→ MATERIAL FOR THIS TASK
....
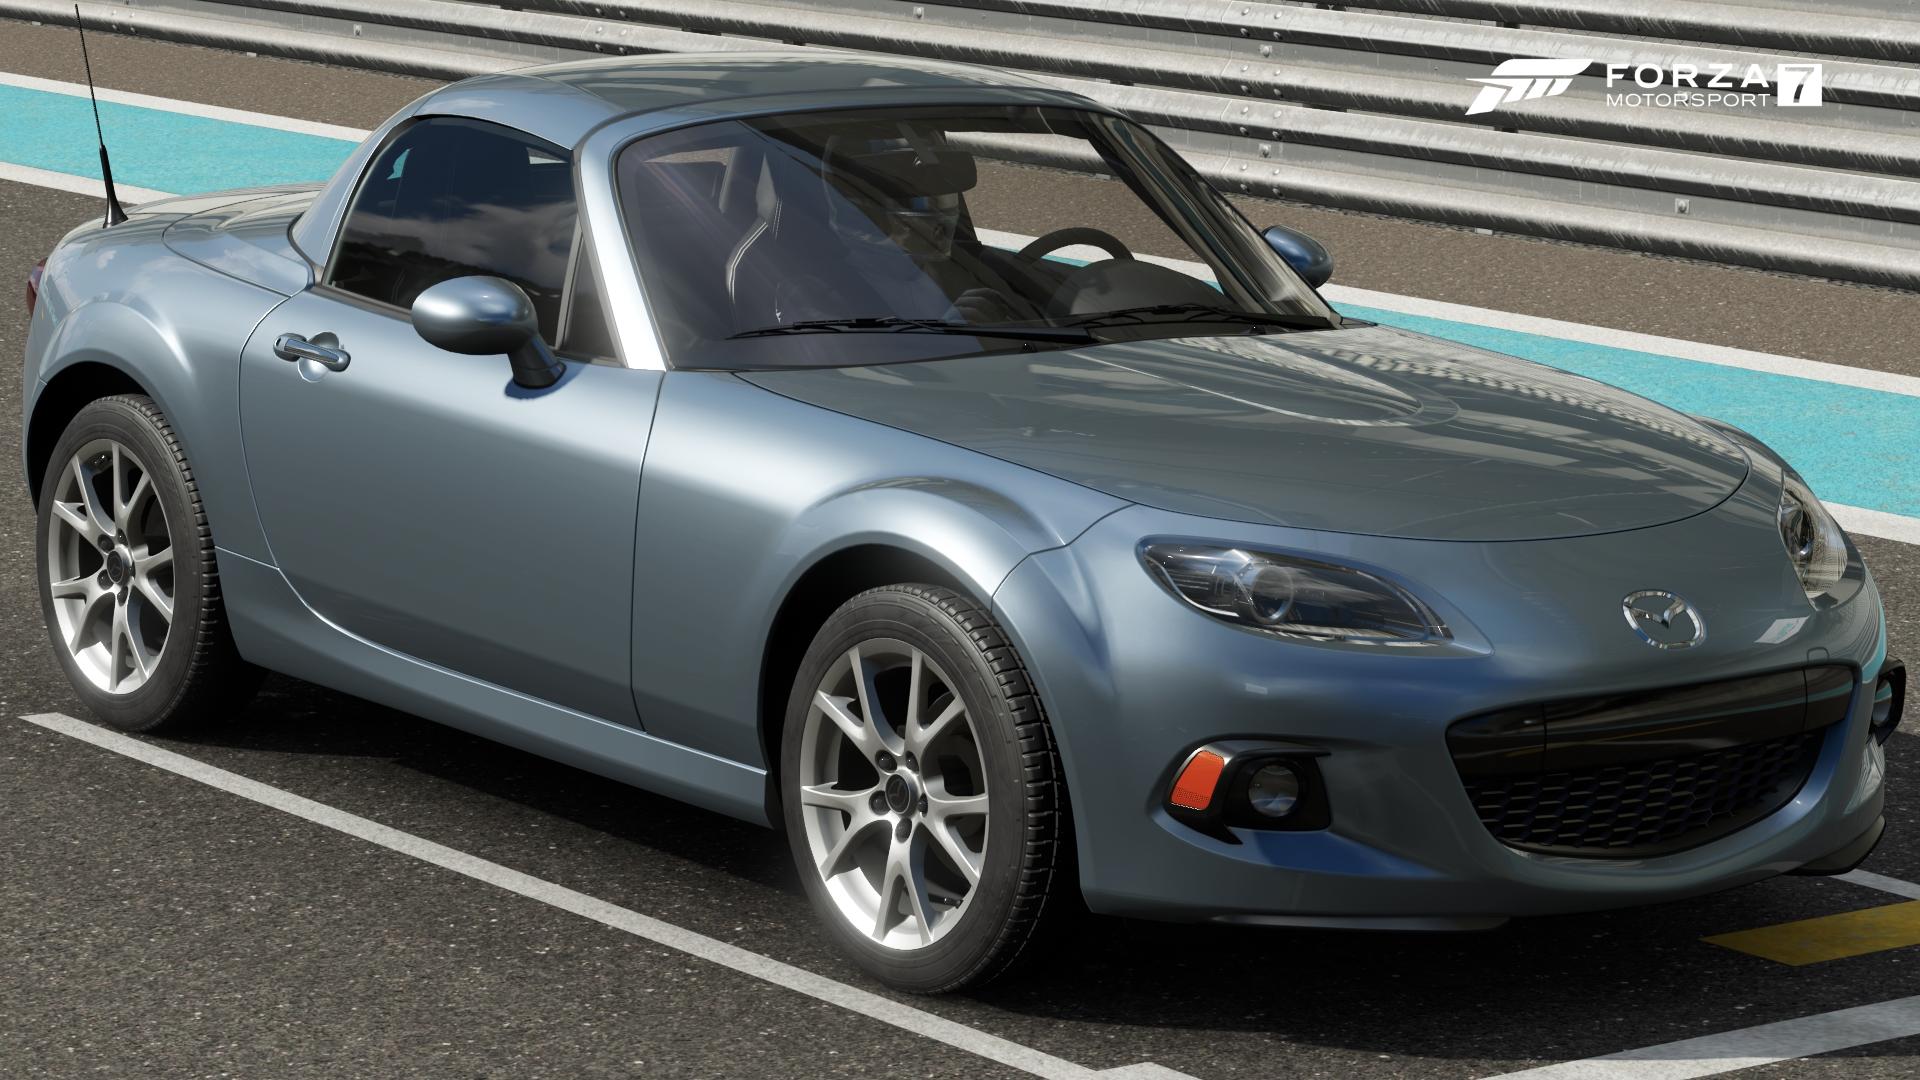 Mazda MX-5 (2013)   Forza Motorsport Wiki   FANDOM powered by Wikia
....
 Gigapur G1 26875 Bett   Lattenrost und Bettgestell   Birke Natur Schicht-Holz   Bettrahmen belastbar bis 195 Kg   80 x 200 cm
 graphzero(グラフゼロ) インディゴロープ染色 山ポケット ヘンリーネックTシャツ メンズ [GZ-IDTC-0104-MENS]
....
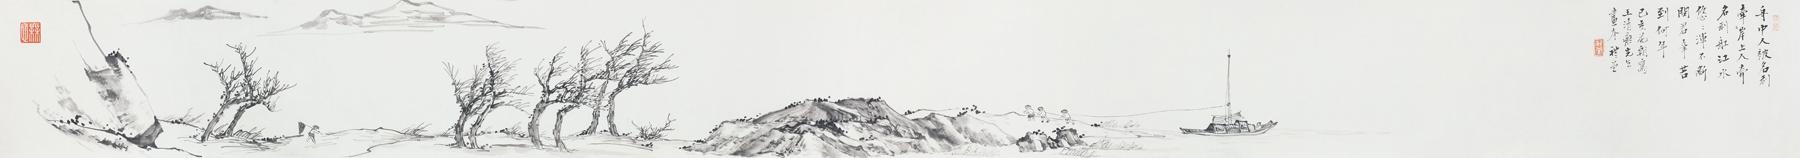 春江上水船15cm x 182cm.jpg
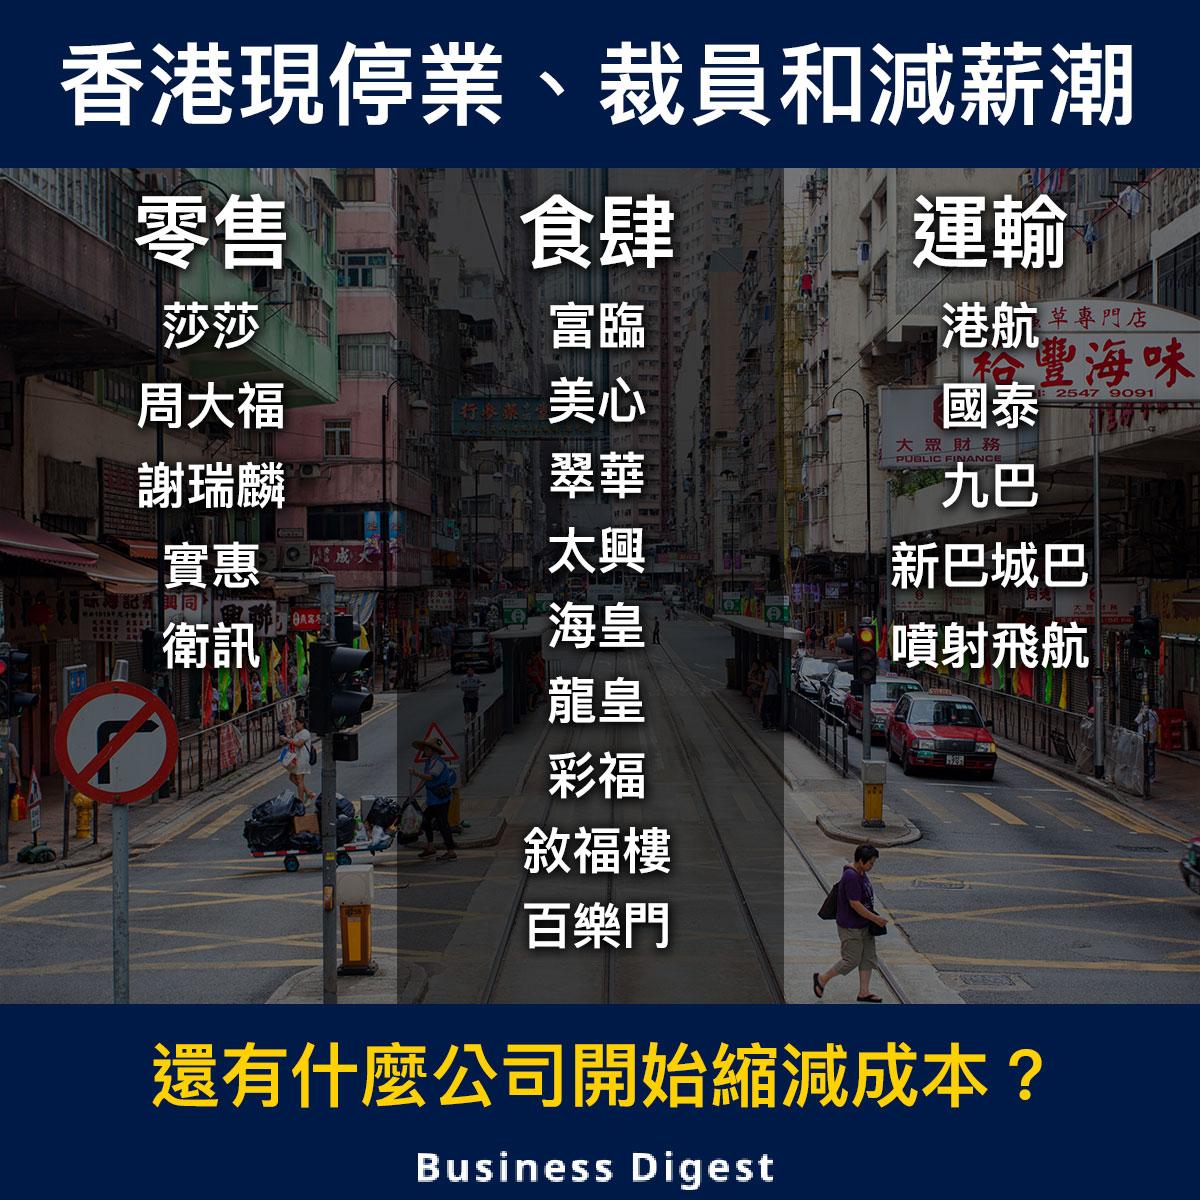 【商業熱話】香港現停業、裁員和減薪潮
....
Within the data above, the span starting at the line containing "Gigapur G1 26875" and ending at the line containing "graphzero(グラフゼロ) インディゴロープ染色 山ポケット" is to be retyped exactly, with no other lines.

 Gigapur G1 26875 Bett   Lattenrost und Bettgestell   Birke Natur Schicht-Holz   Bettrahmen belastbar bis 195 Kg   80 x 200 cm
 graphzero(グラフゼロ) インディゴロープ染色 山ポケット ヘンリーネックTシャツ メンズ [GZ-IDTC-0104-MENS]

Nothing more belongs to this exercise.